To determine whether the ocular surface inflammation in uveitis mimics or counteracts intraocular inflammatory pathways by directly comparing T-helper (Th) lymphocytes Th1 and Th2 markers in conjunctival and ciliary body expression in endotoxin-induced uveitis (EIU). This study used the following inflammatory markers: chemokine receptor, CC chemokine receptor 4 (CCR4), and its ligand, macrophage-derived chemokine (MDC), to evaluate Th2 participation; chemokine receptor, CCR5, to evaluate the Th1 system; and its ligand, regulated on activation normal T cell expressed and secreted (RANTES), to evaluate both Th1 and Th2 systems.
Immunohistochemistry and real-time polymerase chain reaction (RT–PCR) were used to compare protein and RNA expression of CCR4, MDC, CCR5, and RANTES in the conjunctiva and ciliary body in EIU 6 h and 24 h after the lipopolysaccharide (LPS) injection and in control (without injection) Lewis rats.
Immunohistochemistry with CCR5, RANTES, and MDC showed an increase in fluorescent staining in the conjunctiva and ciliary body in the rats with uveitis compared to the control rats. For CCR4, immunostaining was comparable in the conjunctiva and ciliary body and did not show any clear differences between control rats and rats with EIU. For RANTES, MDC, and CCR5, RT-PCR showed a significantly higher RNA expression in conjunctiva and in ciliary body at 6 h compared to 24 h and controls. For CCR4, RT-PCR did not illustrate any significant differences in conjunctiva and in ciliary body between all groups of animals.

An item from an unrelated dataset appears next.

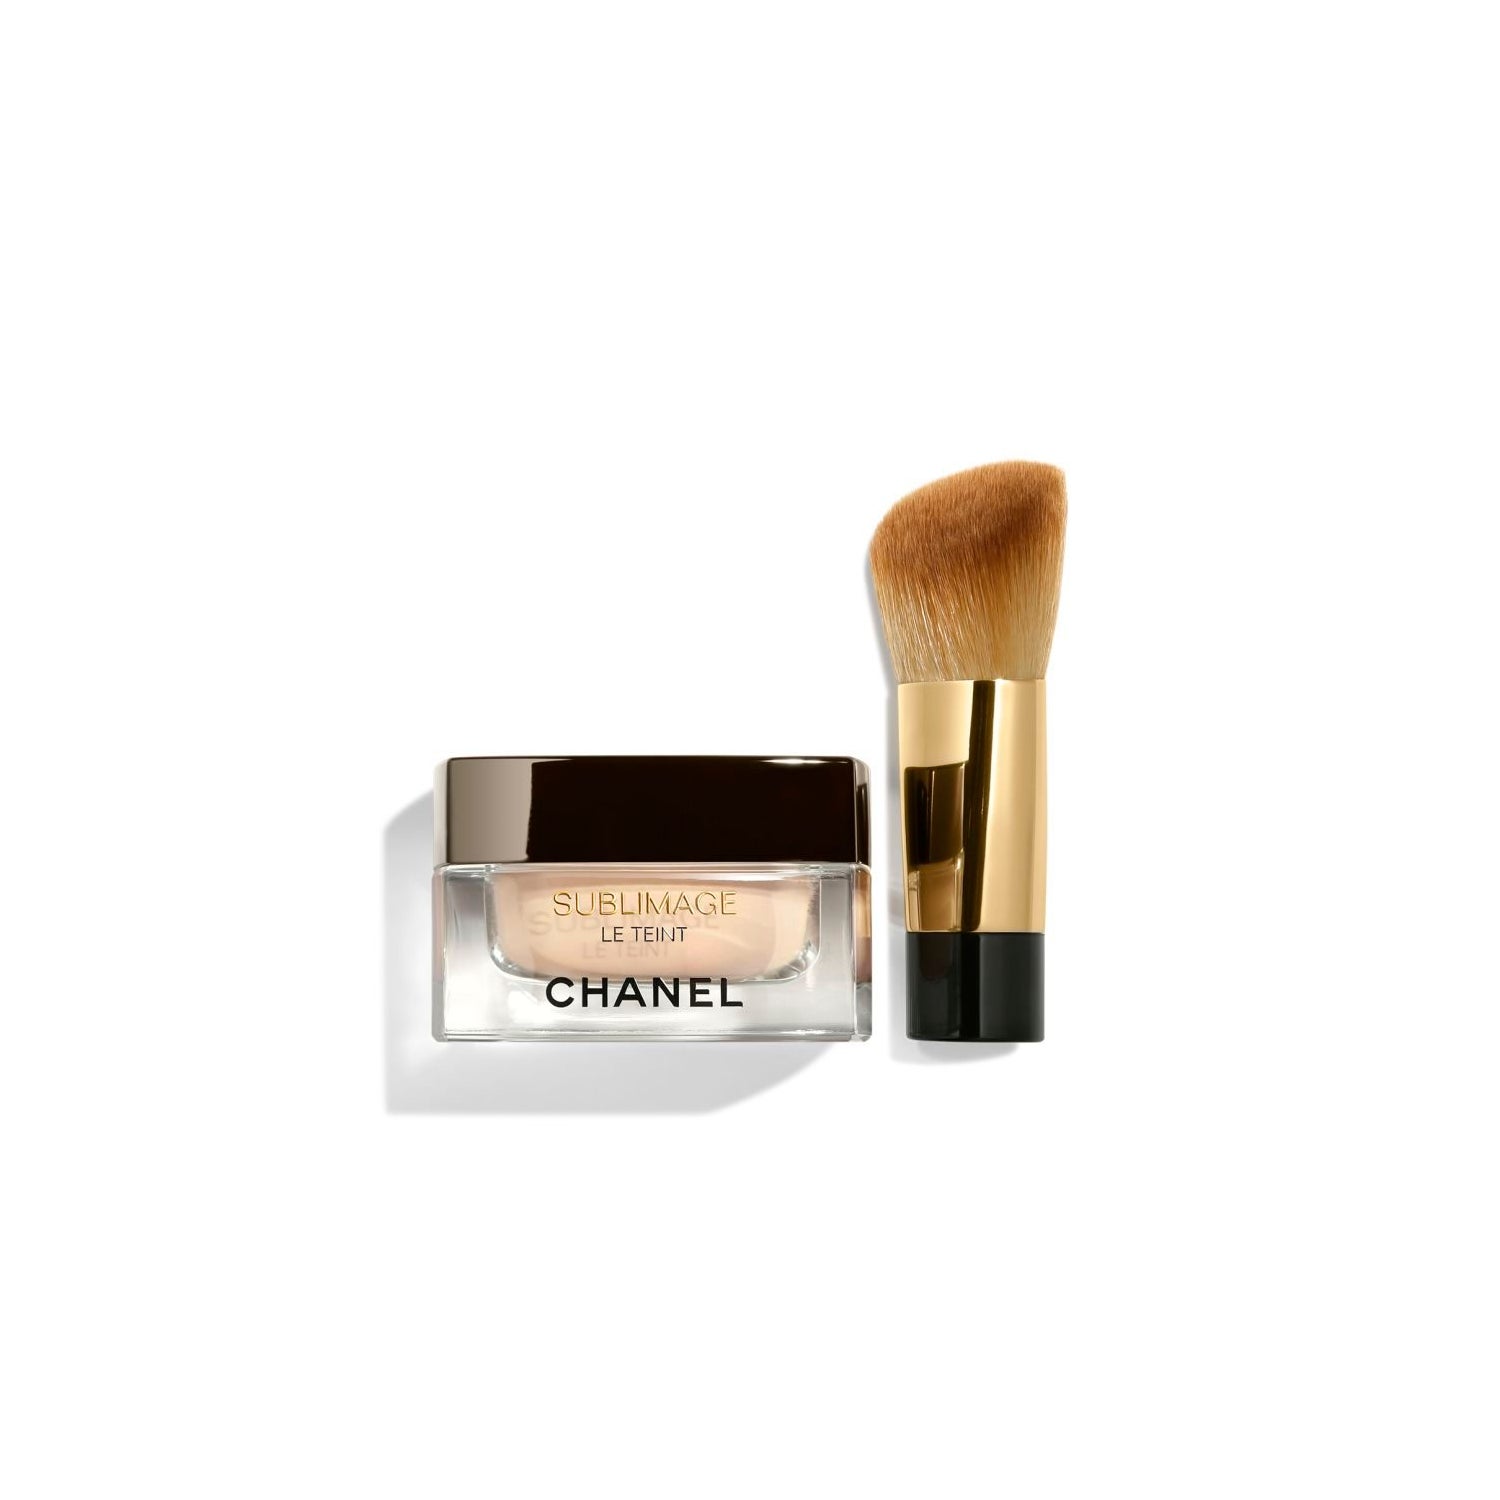 Chanel vs. Cle de Peau

Protein and RNA expressions of RANTES, MDC, and CCR5 were higher in EIU rats than in control rats in the conjunctiva and ciliary body whereas the CCR4 level was not modified in the conjunctiva and ciliary body of EIU rats when compared to controls. Th1 activation seemed to predominate in this model with high levels of CCR5 expression and no increased expression of CCR4, but Th2 participation with MDC was noted. The expression of RANTES, MDC, CCR4 and CCR5 in EIU was quite similar between the conjunctiva and the ciliary body, so conjunctival inflammation might reproduce the intraocular inflammation, probably generated by local extension and diffusion in this model. If the ocular surface mimics intraocular inflammatory pathways, the conjunctiva may provide a new and easier access for uveitis studies.